Key Experimental Results

Main Results

Task Nano-EmoX (2.2B) AffectGPT (8.3B) EmoLLMs (7B) Notes
MSA Competitive SOTA Implicitly learned
MER SOTA / Competitive Runner-up Runner-up Core perception task
OV-MER SOTA Runner-up N/A Open-vocabulary
ERI SOTA / Competitive Runner-up N/A Cause reasoning
MIR SOTA N/A N/A Intent recognition
ERG SOTA / Competitive N/A N/A Empathetic response

Ablation Study

Configuration Key Metric Notes
Full Nano-EmoX Best Complete framework
w/o Facial Encoder Degraded Facial cues are critical for emotion perception
w/o Fusion Encoder Degraded Cross-modal fusion is effective
w/o P2E (direct multi-task) Significantly degraded Progressive training is essential

Key Findings

  • 2.2B parameters suffice to match or surpass 7–9B models across six tasks, demonstrating the effectiveness of the architecture and training strategy.
  • P2E progressive training yields substantial gains over direct multi-task training, validating the value of cognition-level curriculum design.
  • The facial encoder contributes more to emotion perception than augmenting general-purpose visual encoders.

Highlights & Insights

  • The three-level cognitive hierarchy framework serves not only as a task organization principle but also as a guiding design for the training strategy.
  • First unification of six affective tasks under <3B parameters, achieving an outstanding balance between efficiency and capability.
  • The Phase 2 design positioning intent recognition as a bridge between perception and reasoning is theoretically grounded — intent inference requires cross-modal integration.

Limitations & Future Work

  • Small-scale models may still underperform larger models on complex reasoning tasks.
  • Training data primarily covers English and Chinese; multilingual generalization remains unverified.
  • MSA is not explicitly trained but implicitly acquired from related tasks, which may be suboptimal.
  • vs.

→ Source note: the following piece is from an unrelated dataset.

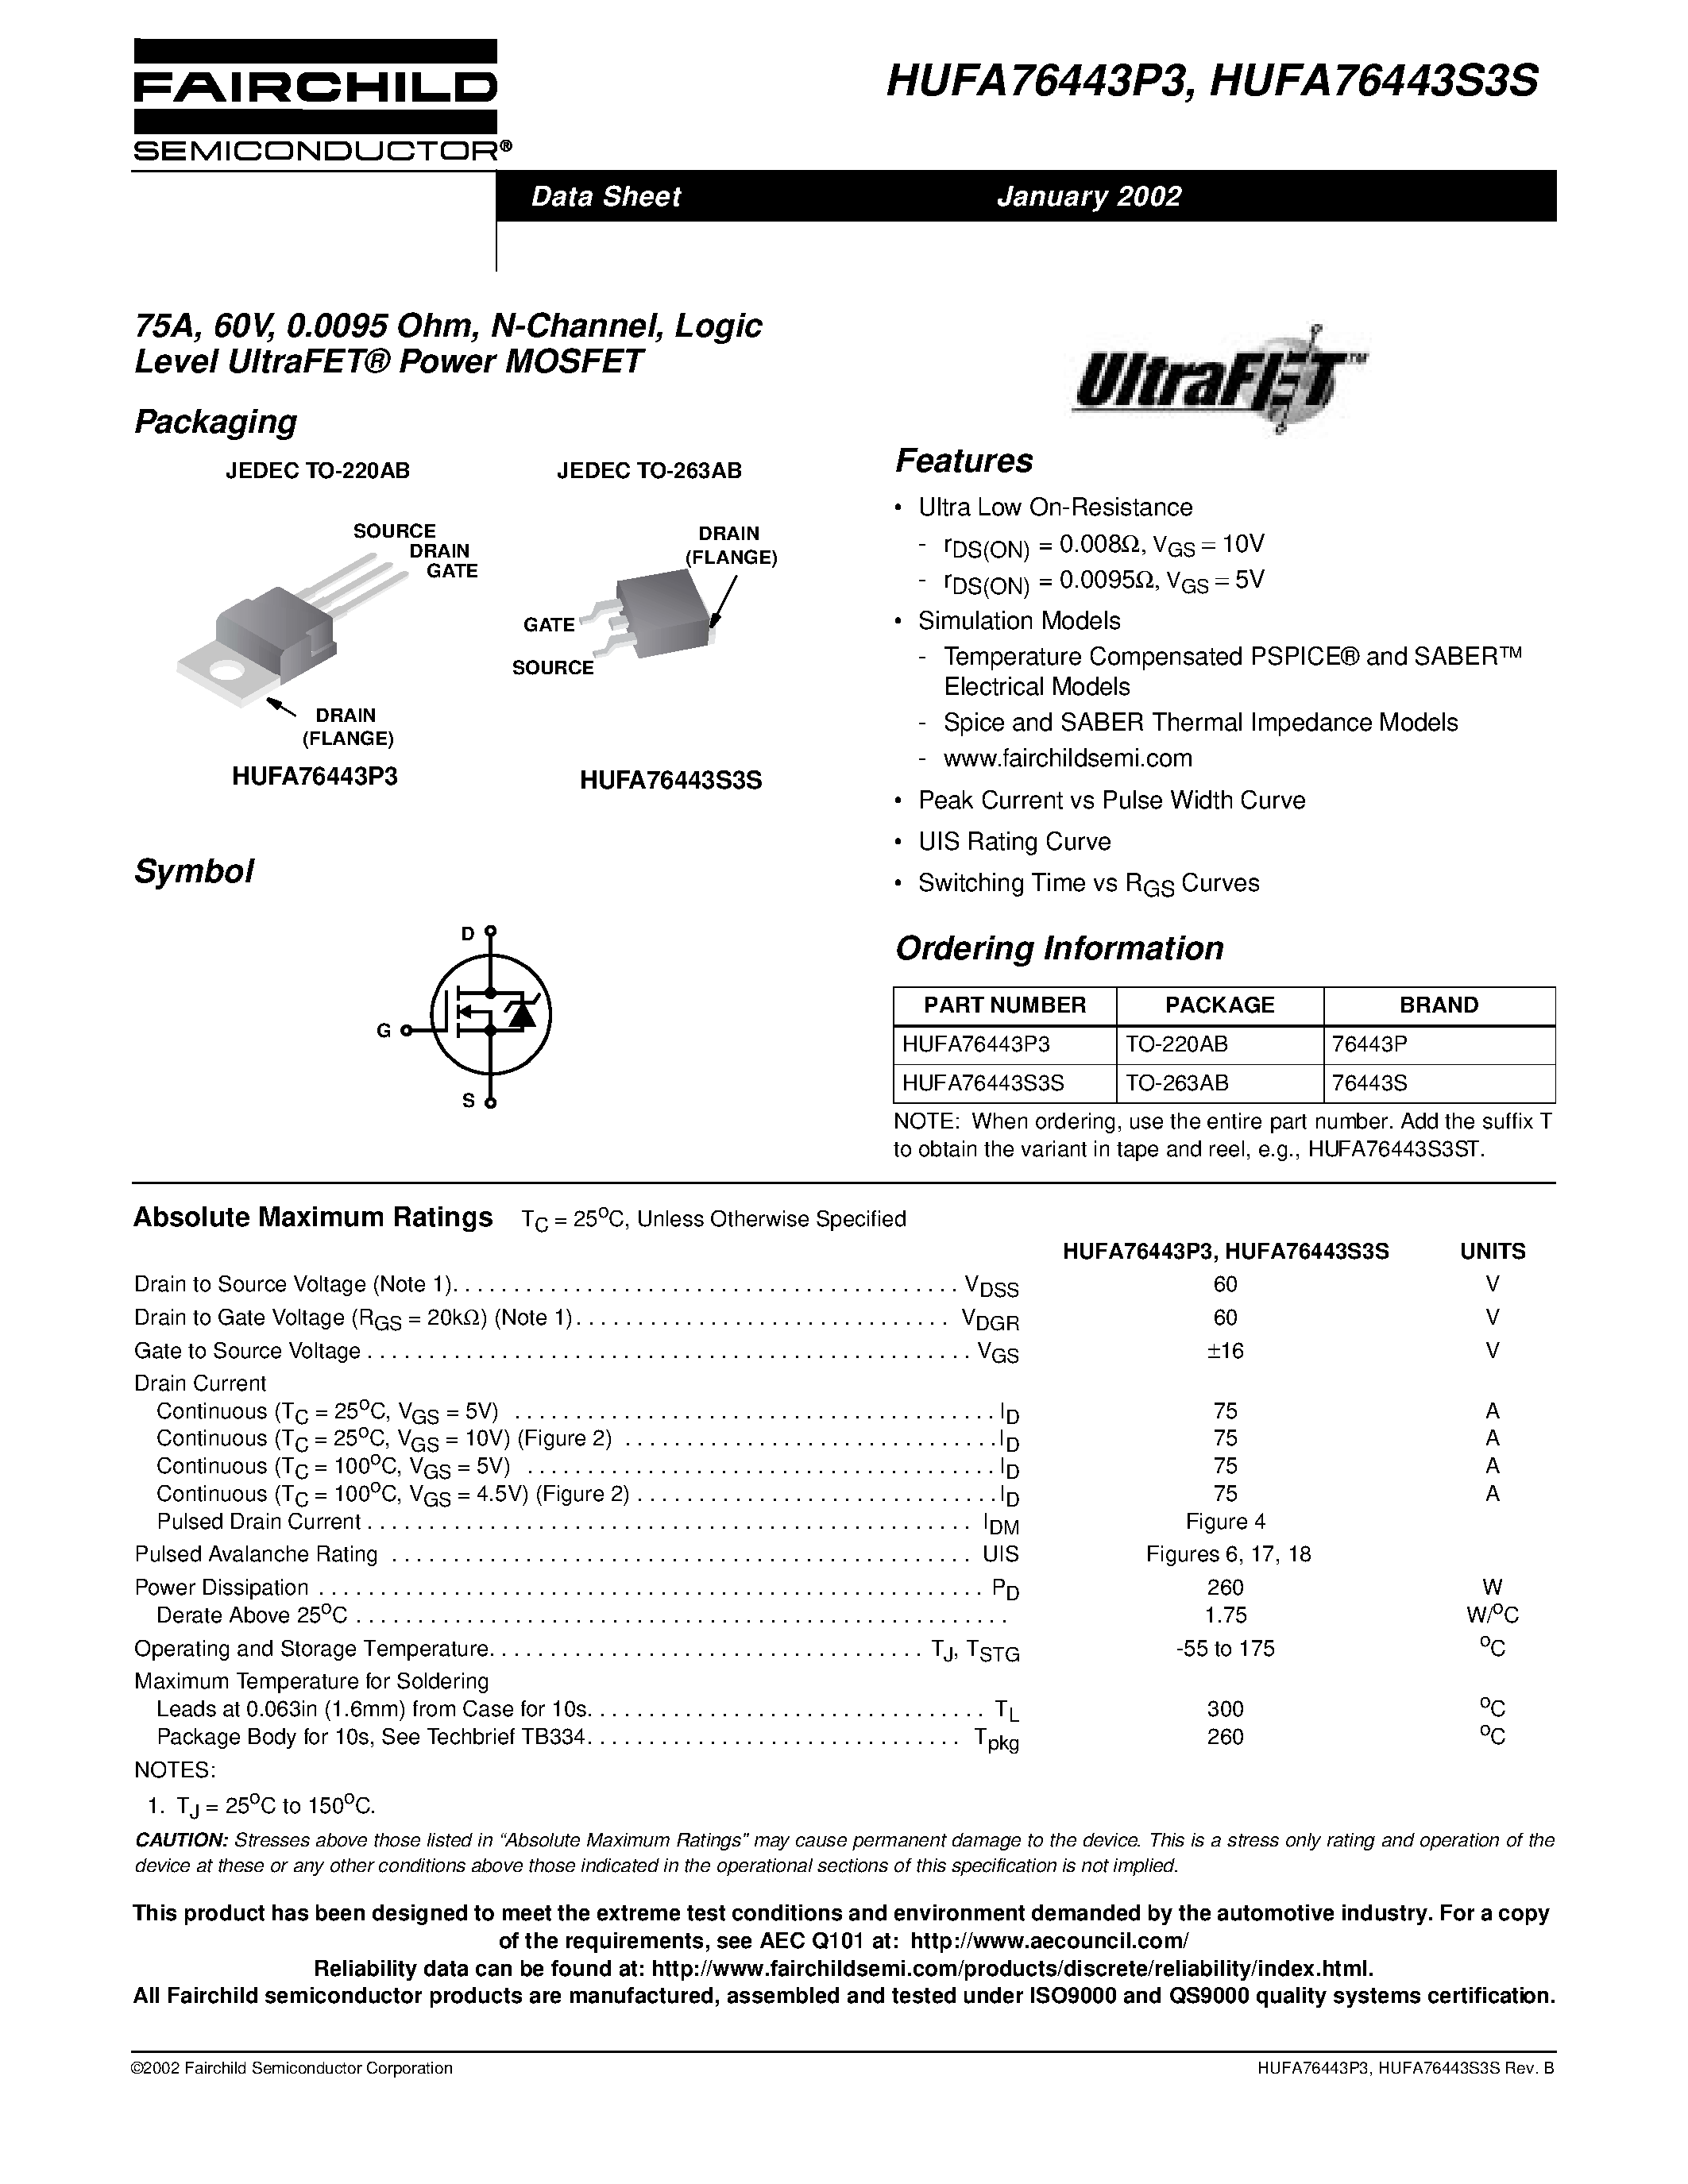 Даташит HUFA76443P3 - 75A/ 60V/ 0.0095 Ohm/ N-Channel/ Logic Level UltraFET Power MOSFET страница 1

AffectGPT: Supports four tasks with 8.3B parameters; Nano-EmoX supports six tasks with 2.2B parameters at comparable or superior performance.
  • vs. EmoLLMs: Operates only on text-level affective tasks; Nano-EmoX extends to complete multimodal affective intelligence.

Rating

  • Novelty: ⭐⭐⭐⭐ The cognitive hierarchy framework and P2E training strategy are genuinely novel.
  • Experimental Thoroughness: ⭐⭐⭐⭐⭐ Comprehensive evaluation across six tasks with thorough ablation studies.
  • Writing Quality: ⭐⭐⭐⭐ Clear framework presentation with a solid cognitive-theoretic foundation.
  • Value: ⭐⭐⭐⭐⭐ A compact and efficient unified affective AI system with high practical deployment value.